The challenges ahead are numerous. We continue to deal with the COVID-19 crisis, the post-COVID recovery is becoming part of the conversation. The narrative around recovery presumes that communities will just return to the health and wellbeing that they were enjoying before COVID-19 disrupted it.
We know, of course, that is not the case for Indigenous, Black, other racialized and marginalized communities that Alliance members serve. What are they recovering back to? Disparaging health outcomes? Twice the national average unemployment rate? Continued over-representation in criminal justice, child welfare and mental health institutions? Continued brutal treatment by the police? How about Francophone communities? People with disabilities? Migrant agricultural workers? Two Spirit and LGBTQ+ communities? Those living on low incomes or isolated seniors in rural Ontario?
I hope that with the disproportionate impact of COVID-19 on marginalized communities and recent events in Canada, the United States and around the world, we can seize the opportunity to spearhead a long-term strategy to shift the needle a little further towards equity.

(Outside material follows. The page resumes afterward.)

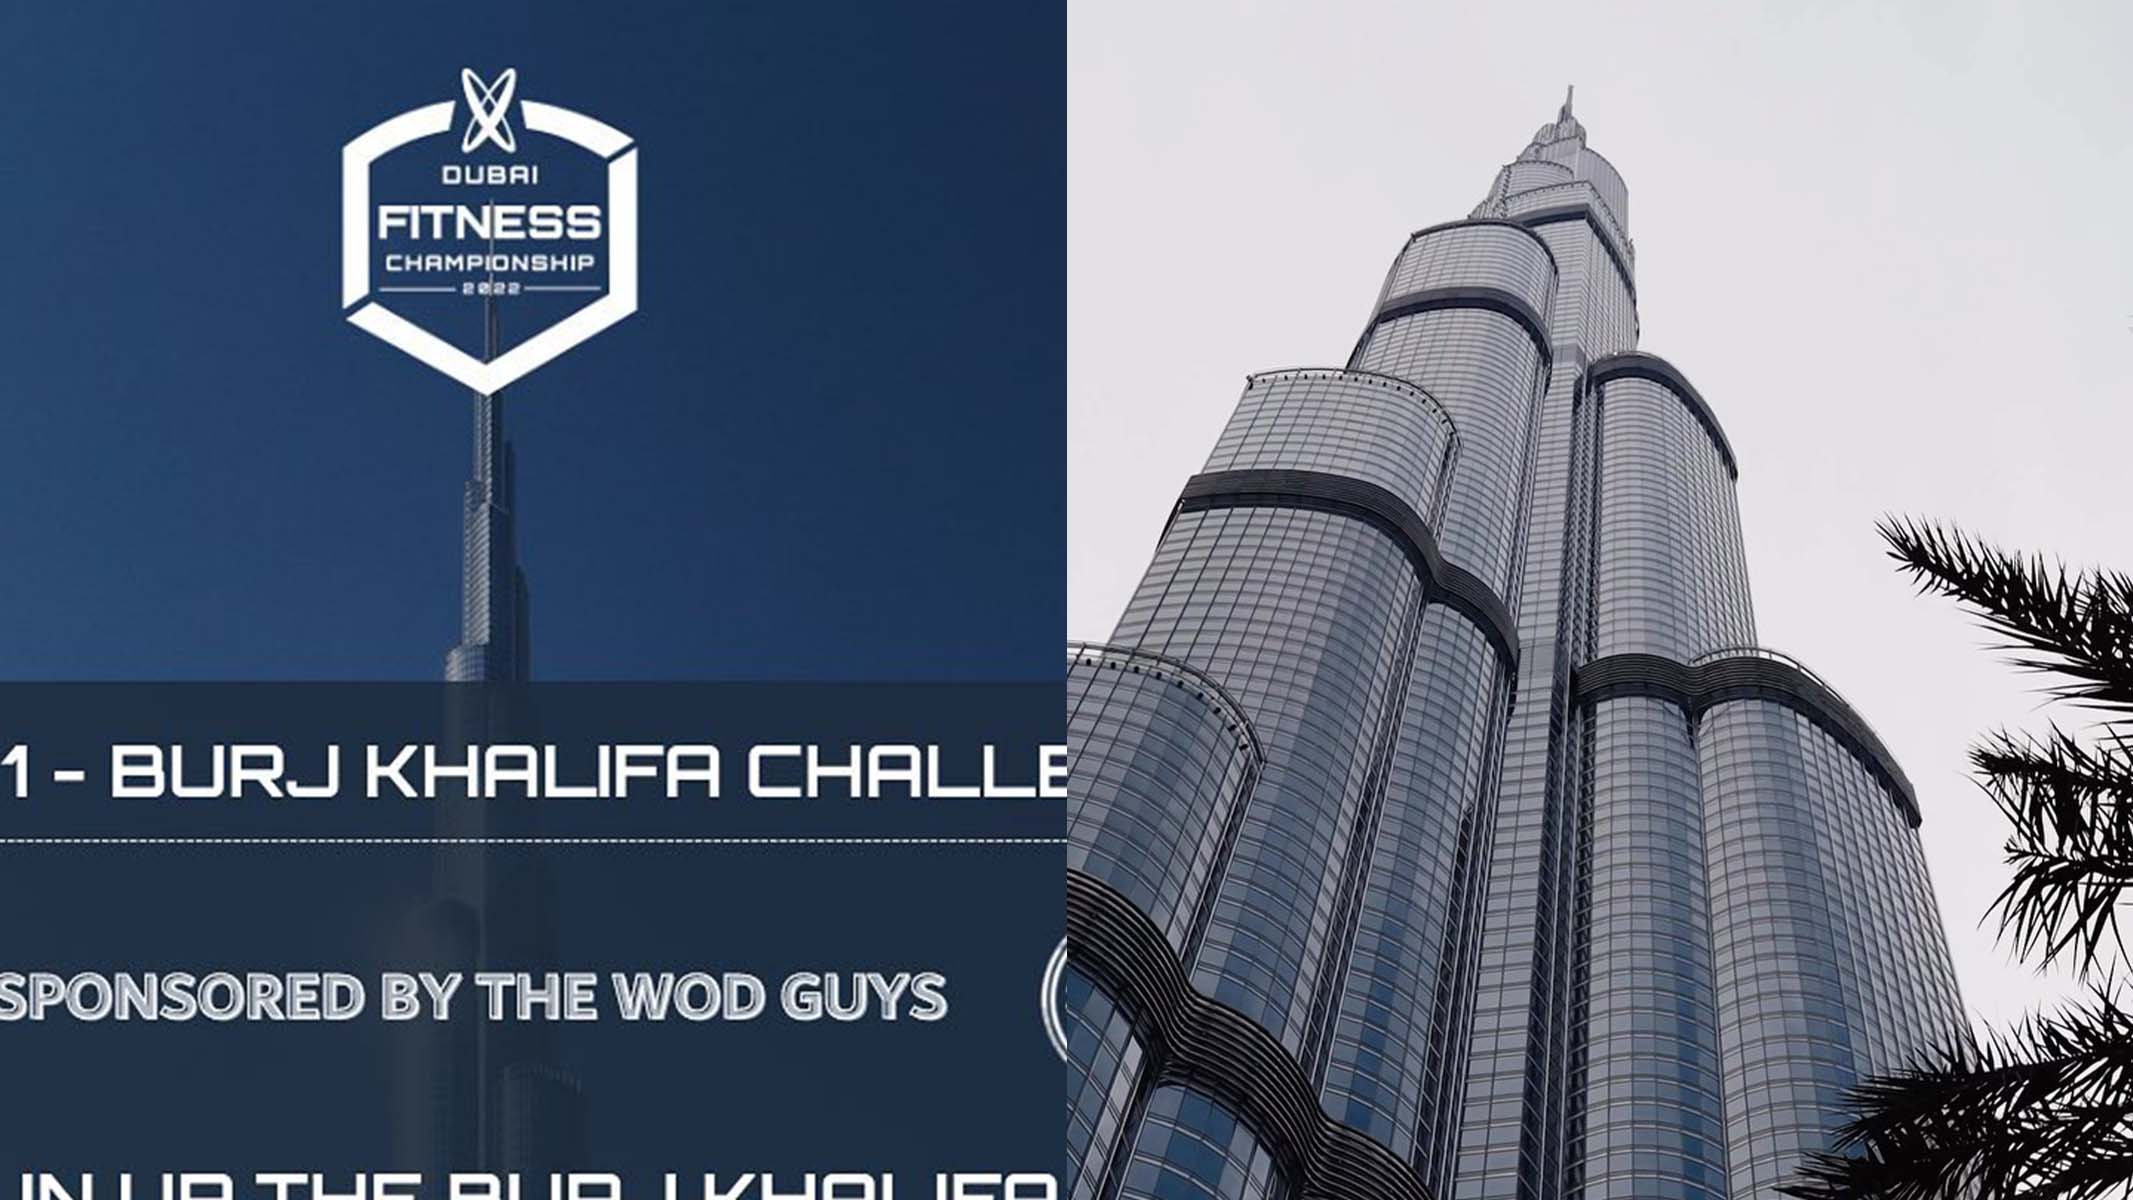 Découvrez la première épreuve du Dubai Fitness Championship du jamais
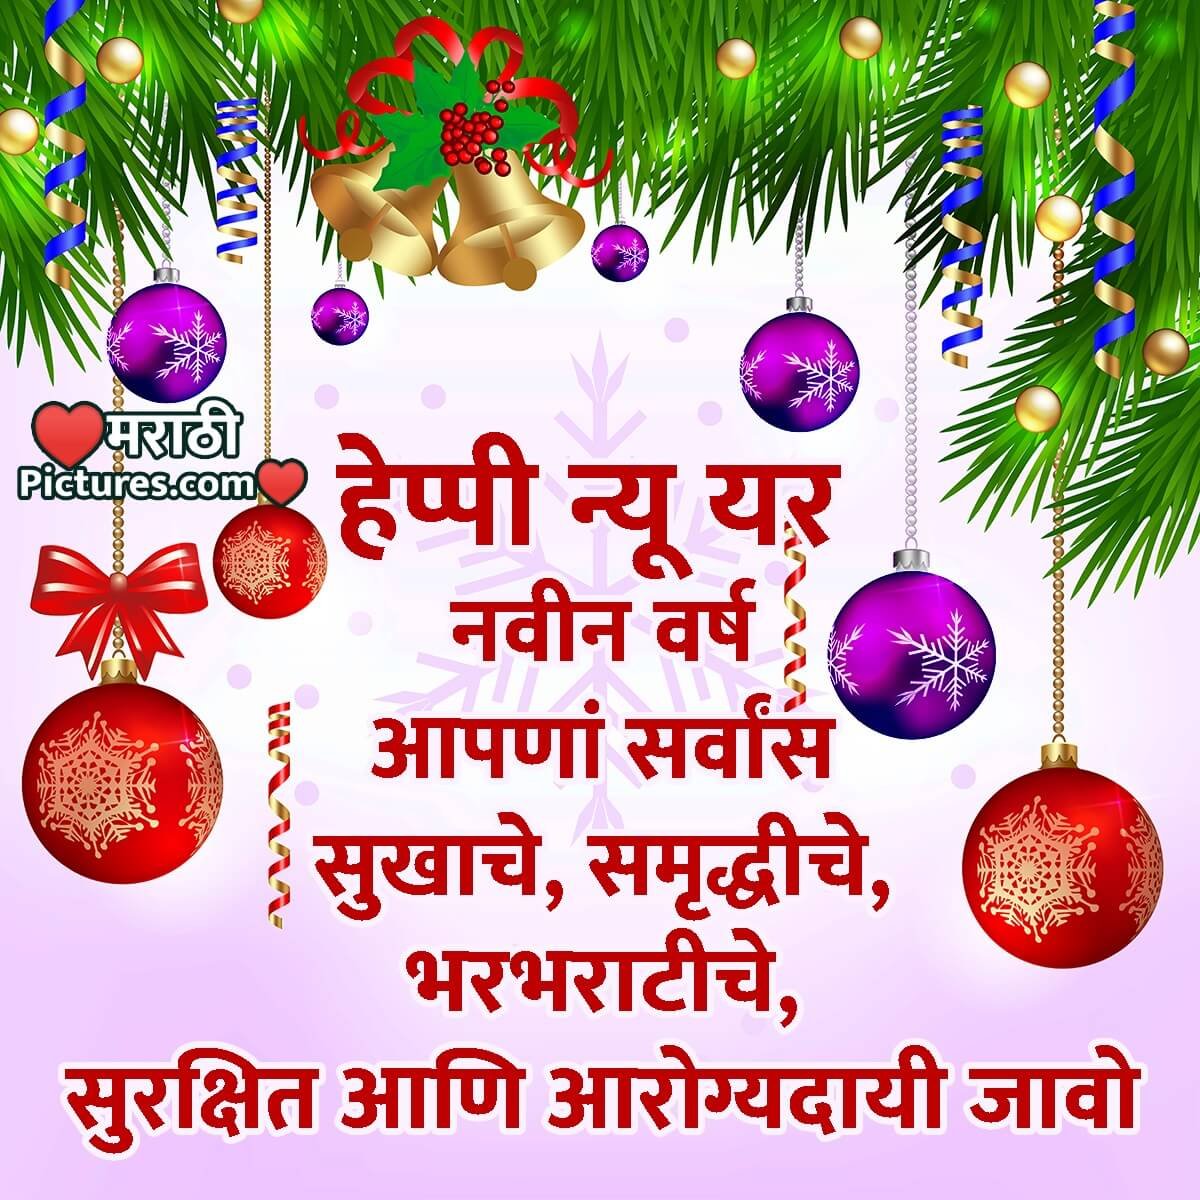 Happy New Year Wish In Marathi

Over the past few years, the Alliance has undergone a number of changes and has laid a firm foundation for leading the strategy towards more equitable health outcomes for people and communities we serve. I would like to see a continued effort to acknowledge the barriers, inequities and injustices and listen to their voices without feeling that there are competing urgencies. The principles of equity demand that we start at the bottom and raise our communities up.
The future promises a lot of changes, both in the external environment and at the Alliance as we are preparing to say good-bye to Adrianna Tetley and welcome a new CEO to lead our organization. I am confident we will continue to capitalize on the opportunities being presented to advance our vision - the optimum health and wellbeing for everyone in Ontario.